= Bill Beltz =

Inuk politician

William Earnest Beltz (April 27, 1912 - November 21, 1960) was an American politician and carpenter.

Born in Bear Creek on the Seward Peninsula, Haycock, Alaska, Beltz was an Iñupiaq, the Inuit of Alaska. Beltz worked as a carpenter, elected President of the Alaska Council of Carpenters, and lived in Unalakleet, Alaska. A Democrat, Beltz served as a member of the House in the Alaska Territorial Legislature in 1949. He then served in the Territorial Senate from 1951 until 1959, when Alaska became a state. Beltz served in the Alaska State Senate from 1959 until his death in 1960. Beltz died at Alaska Native Medical Center in Anchorage, Alaska from a cancerous brain tumor.

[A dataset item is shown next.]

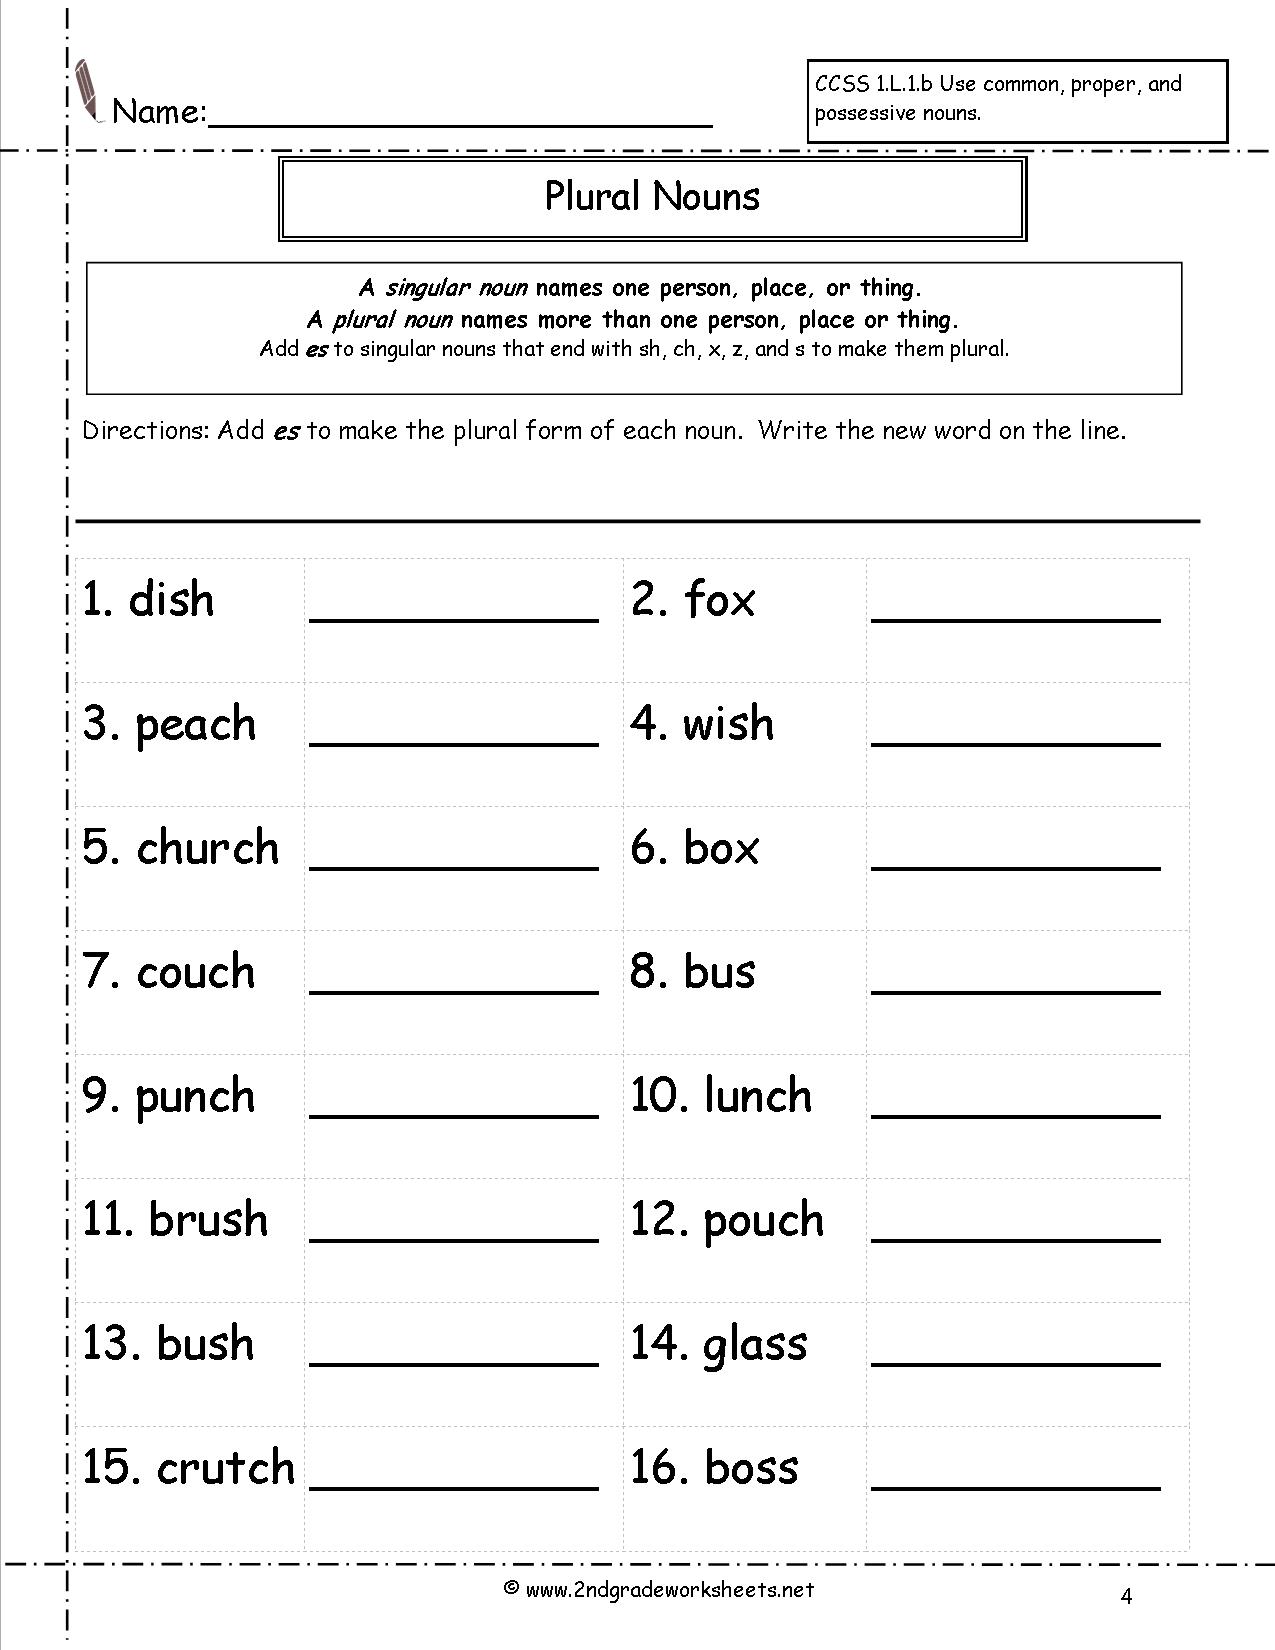 plural-noun-form-interactive-worksheet

He was born to John Skyles Beltz who went to Alaska during the Yukon Gold Rush in 1897 and Susie Goodwin Beltz. In 1953, Beltz married Arne Louise Bulkeley who was a U.S. Public Health Service village nurse in Unalakleet when they met; they had seven children.

In 1958 the first senate of the state of Alaska, unanimously elected Beltz president of the first senate of the state. Nome-Beltz Junior/Senior High School was named in his honor because of his efforts to provide education for rural residents. A conference room in the Thomas B. Stewart Legislative Office Building was named for Beltz.